_Description of the task_
The data below is to be written out exactly, with no pictures.

_Supplied information_
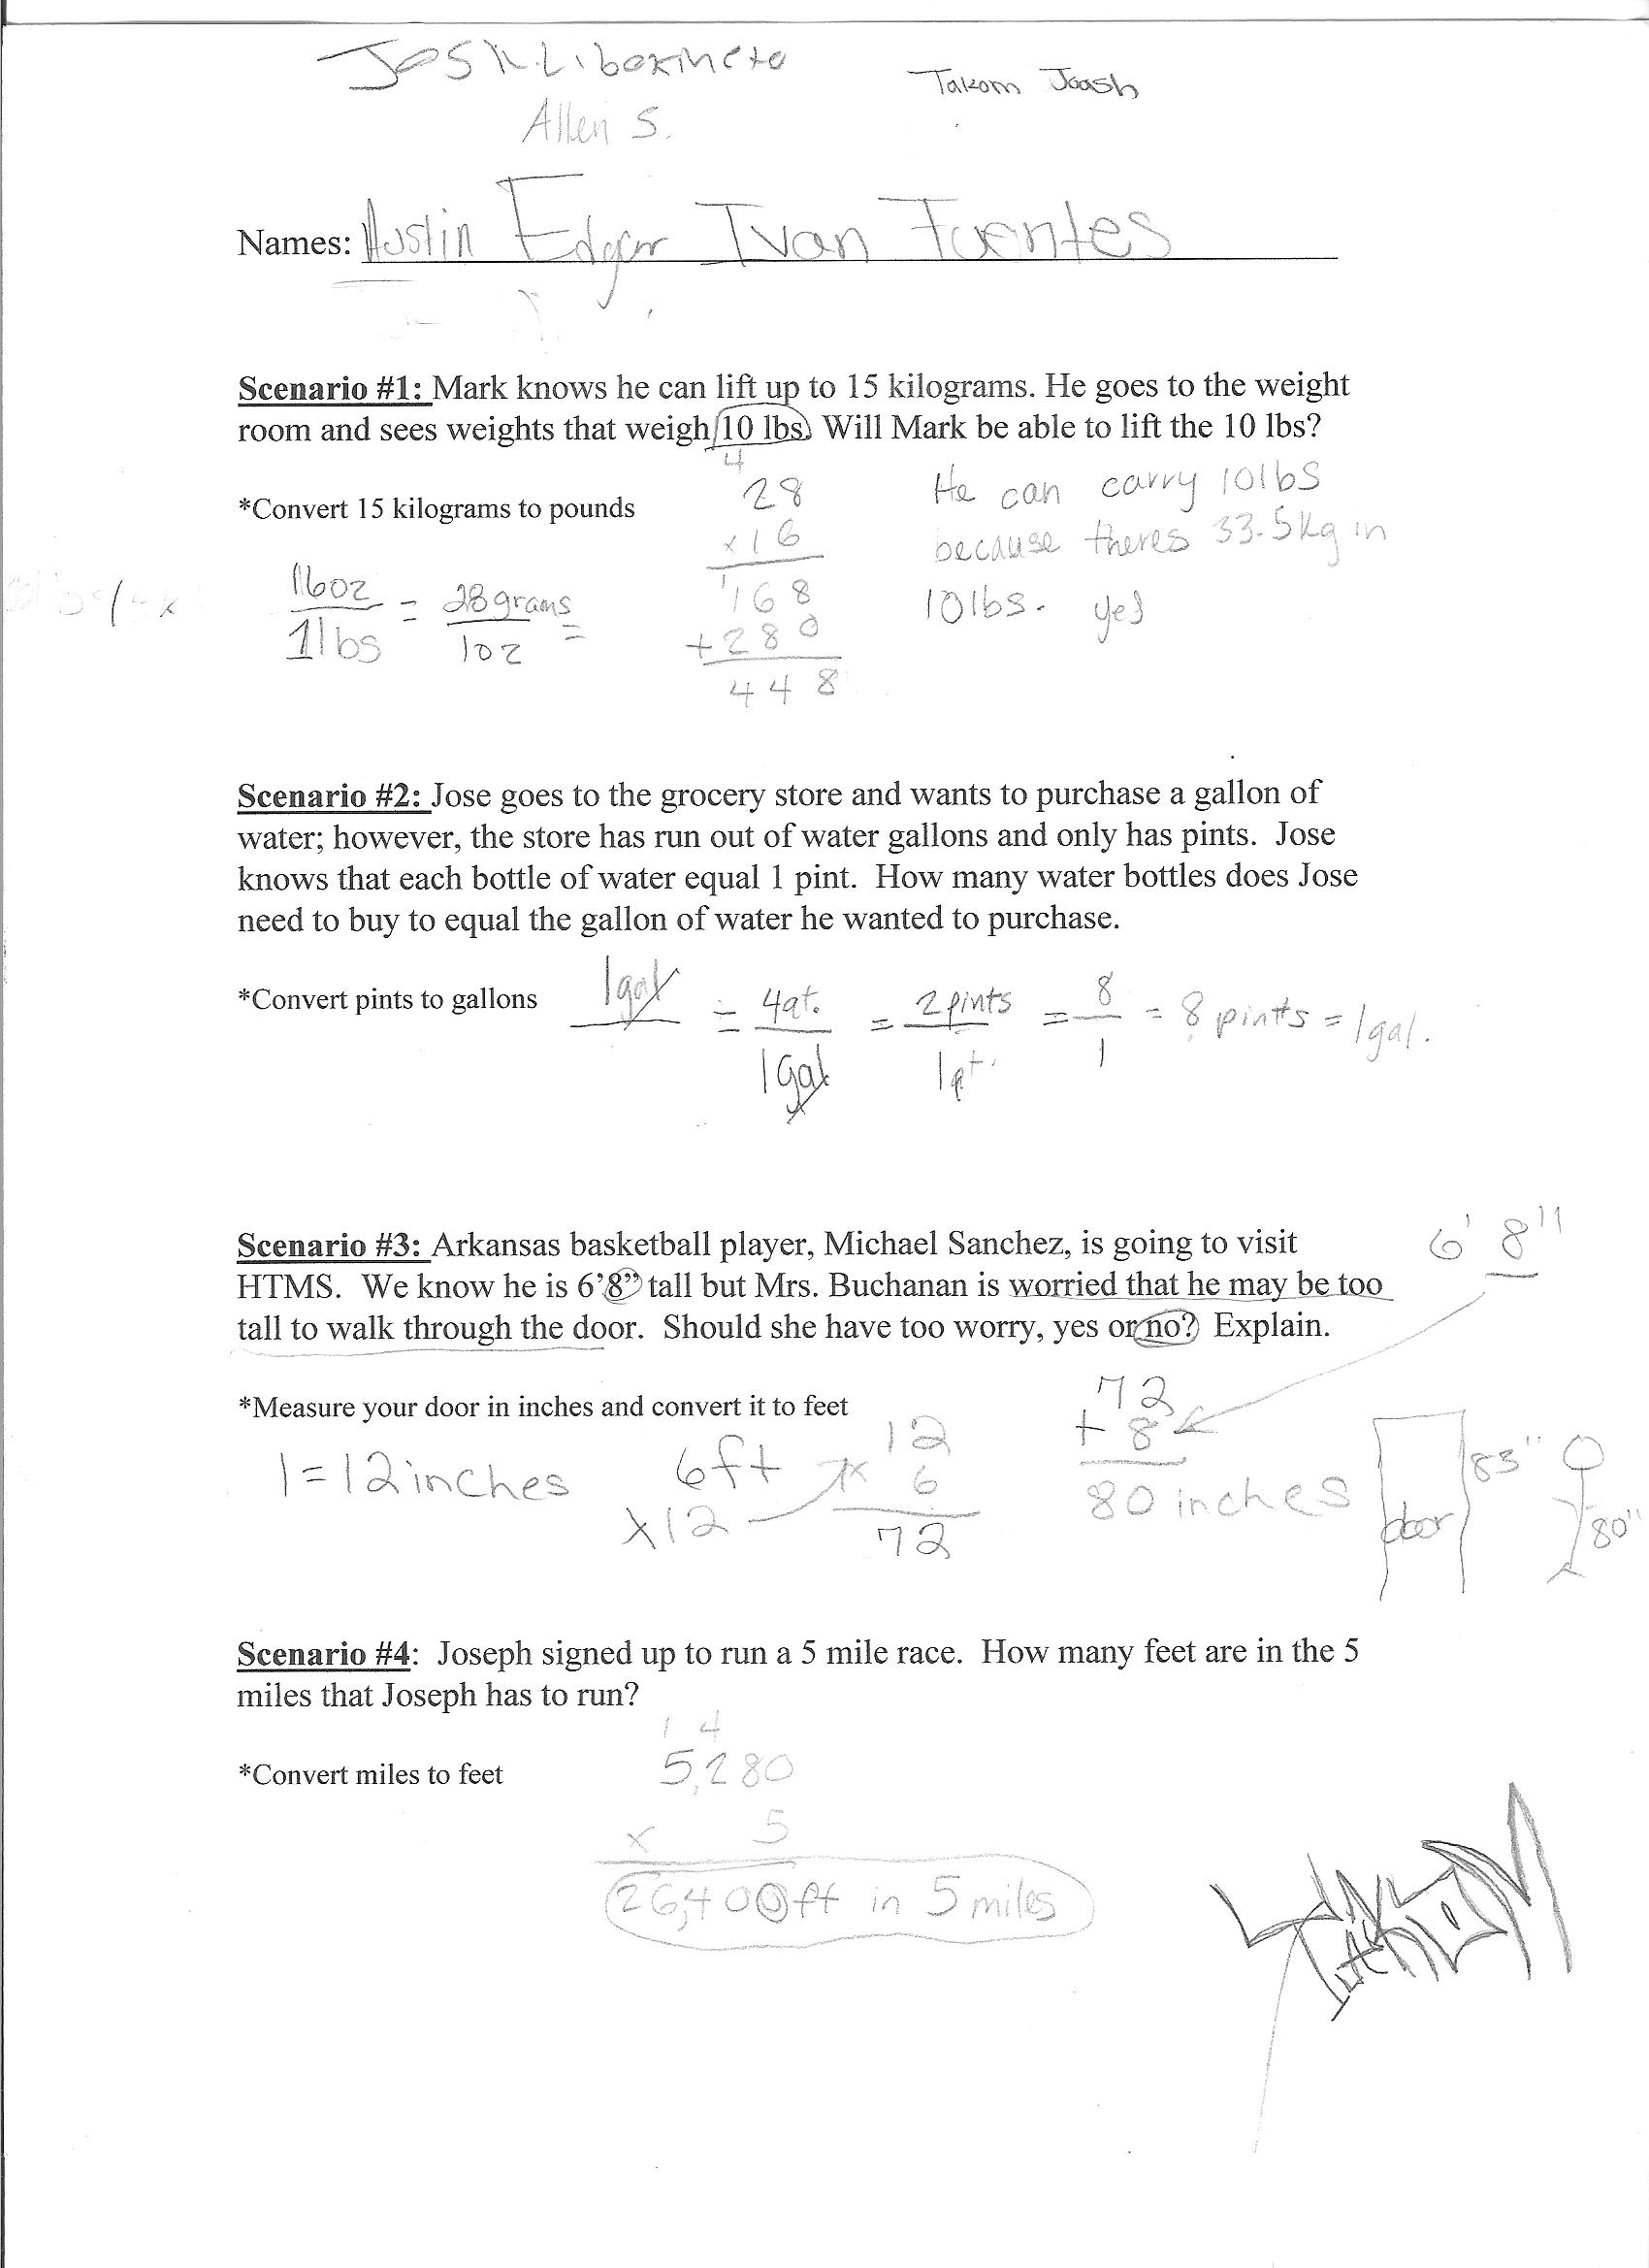 worksheet Converting Feet To Inches Worksheet inches to feet conversion worksheet math fractions a times table chart worksheethtml worksheet
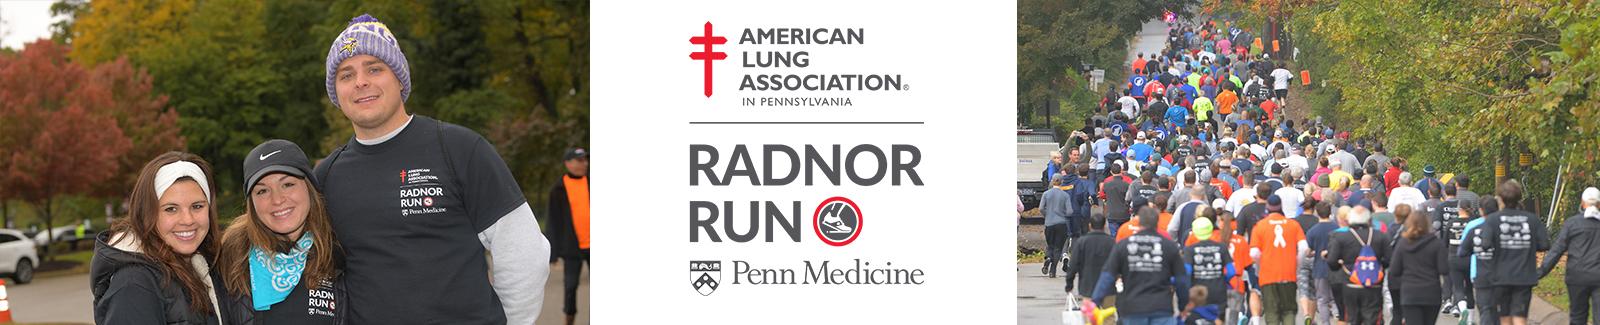 Penn Medicine Radnor Run - American Lung Association
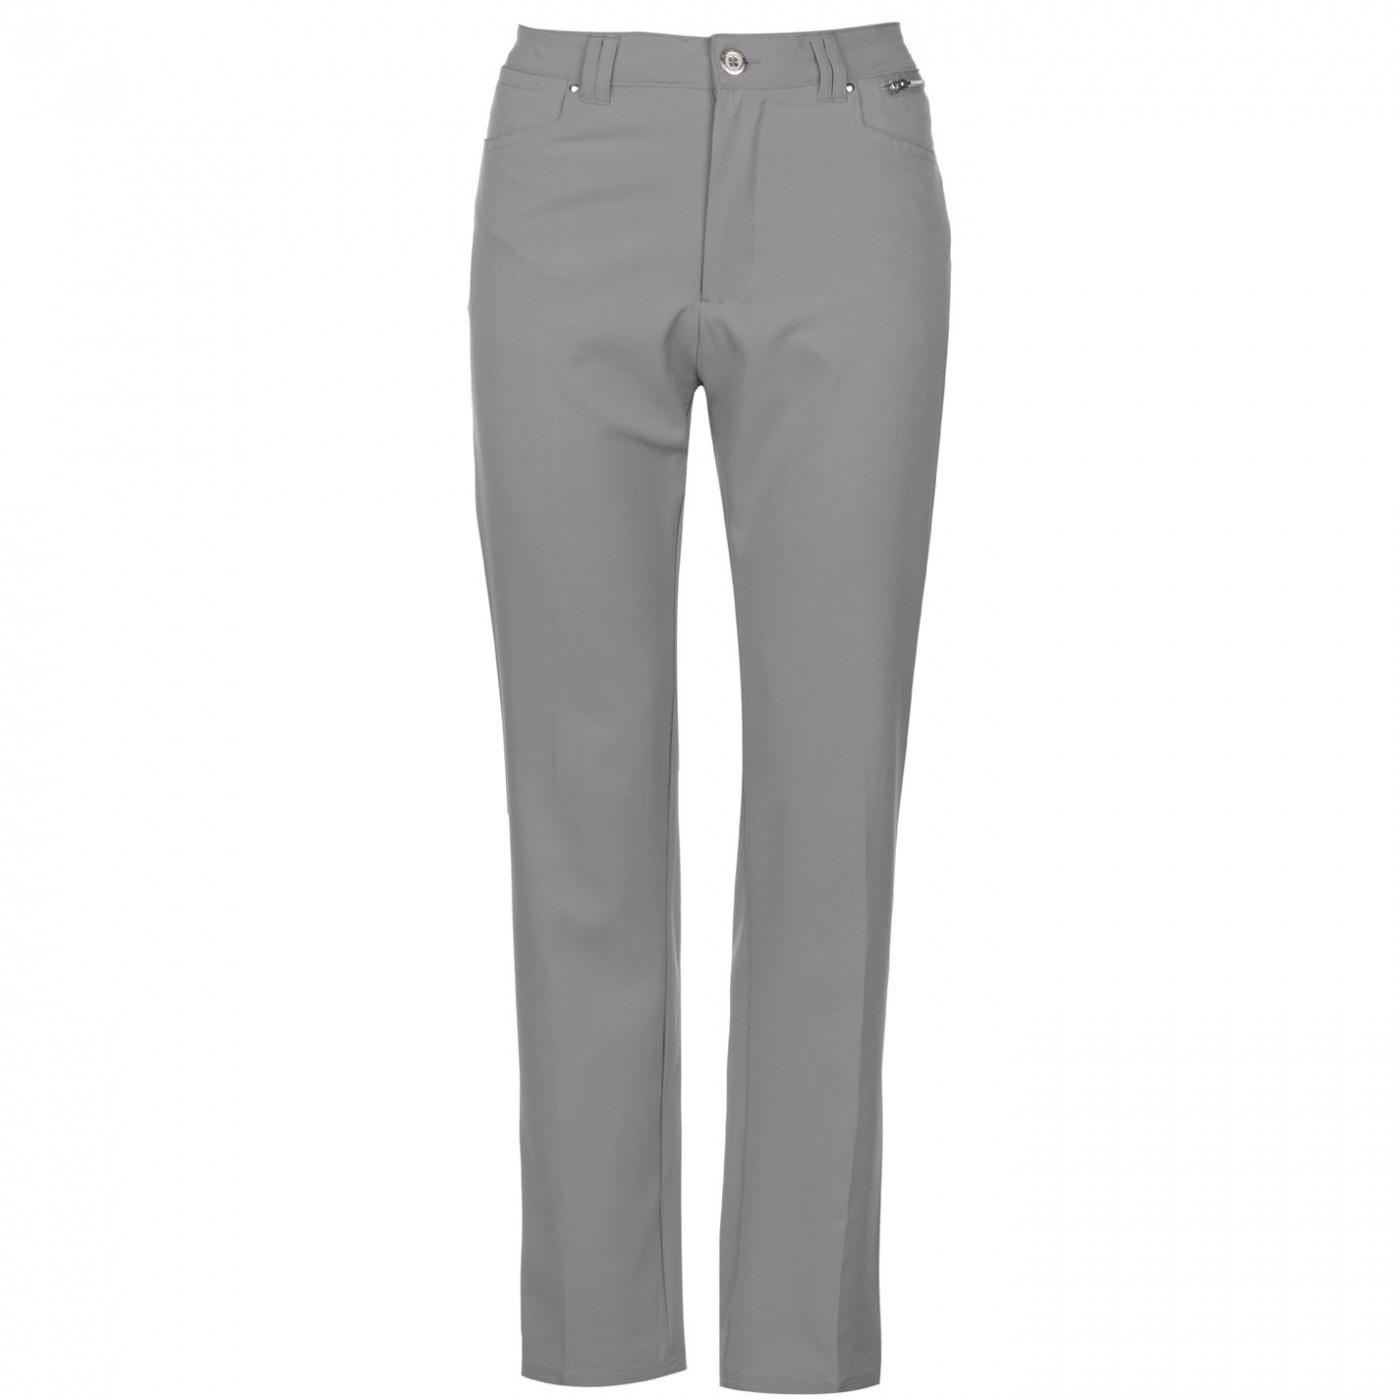 Slazenger Golf Trousers Ladies

_Expected answer_
 worksheet Converting Feet To Inches Worksheet inches to feet conversion worksheet math fractions a times table chart worksheethtml worksheet
 Penn Medicine Radnor Run - American Lung Association
 Slazenger Golf Trousers Ladies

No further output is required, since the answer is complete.